赵氏子弟们磕头求饶,连赵渝也痛哭流涕的忏悔。
夕阳之下,赵敬握着长刀的身形岿然不动,语气深沉,向身后的彭冕道:“冕儿,你记住,从此以后,你就是我赵敬亲子!赵氏一族荣耀与责任,都担于你一人肩上!”
话音落地,赵敬手中长刀一挥,几注鲜血喷射而出!赵渝和赵氏子弟瞪大了双眼,身体齐齐匍匐倒地,喉咙之下,鲜血泅湿了沙地。

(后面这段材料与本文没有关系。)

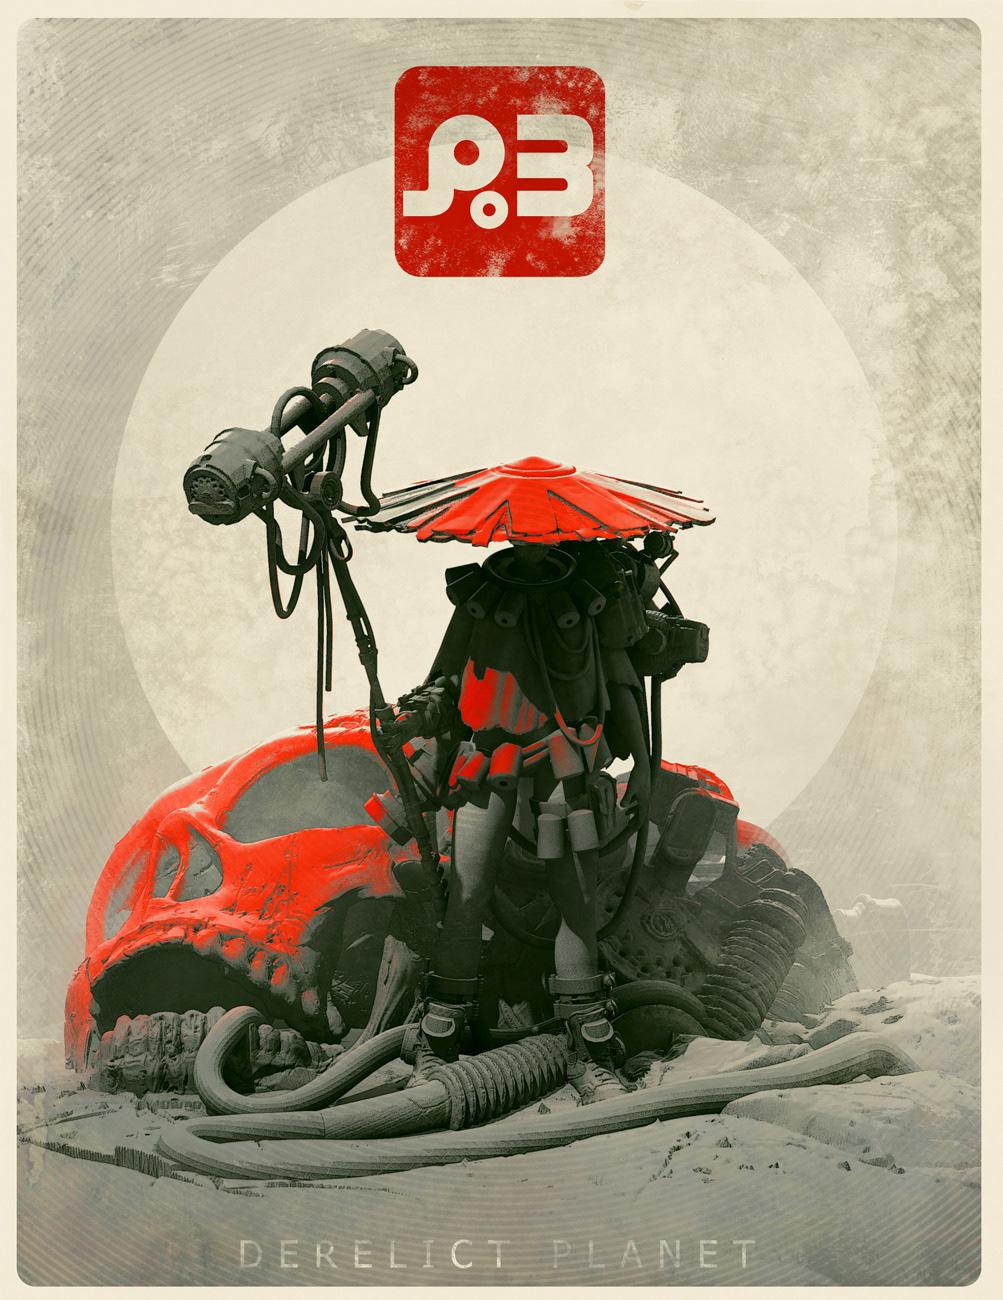 Digital Art  graphic design  design Scifi red art

赵敬没有低头去看几人,握着刀柄的大手青筋暴起,微微颤抖,“再记住一条,赵氏若出奸佞,不得手软!”
众人神情肃穆,心下凛然,何良牧脸上现出敬佩之色,万没料到赵敬毫不徇私。
彭冕双膝跪地,叩头拜道:“是,父亲,孩儿记下了!”
赵敬转过身来,扶起了彭冕,又向何良牧道:“信国公要的兵马粮草,老夫借了!”
何良牧等人心神振奋,向赵敬谢道:“晚辈代燕王和大周百姓谢老将军义举!”
赵敬忙将其扶起,何良牧又将赵倚华平安出京后亲笔写下的让赵敬出兵勤王的信和北凉弯刀奉上。
赵敬问后才知,何良牧无功而返后心下郁闷,自觉不能如此回京,便思想着不若去镇东将军高光祖处,凭借着祖父的情面或许能够讨得部卒。
但因多年未联络,何良牧恐怕人心有变,借不到兵卒不说,万一是自投罗网怎么办?
因此先遣人去打探,自己则在后缓行。谁知这一耽搁竟碰到了京中传信的人,因此连夜返了回来。更没想到,这一回来竟救了赵敬和北境局势!
赵敬本就打算借兵,又接到女儿信件,更是心无杂念。回到大营之后,先杀了梁王使者,又点兵八千,交于彭冕,让其跟随何良牧入京勤王!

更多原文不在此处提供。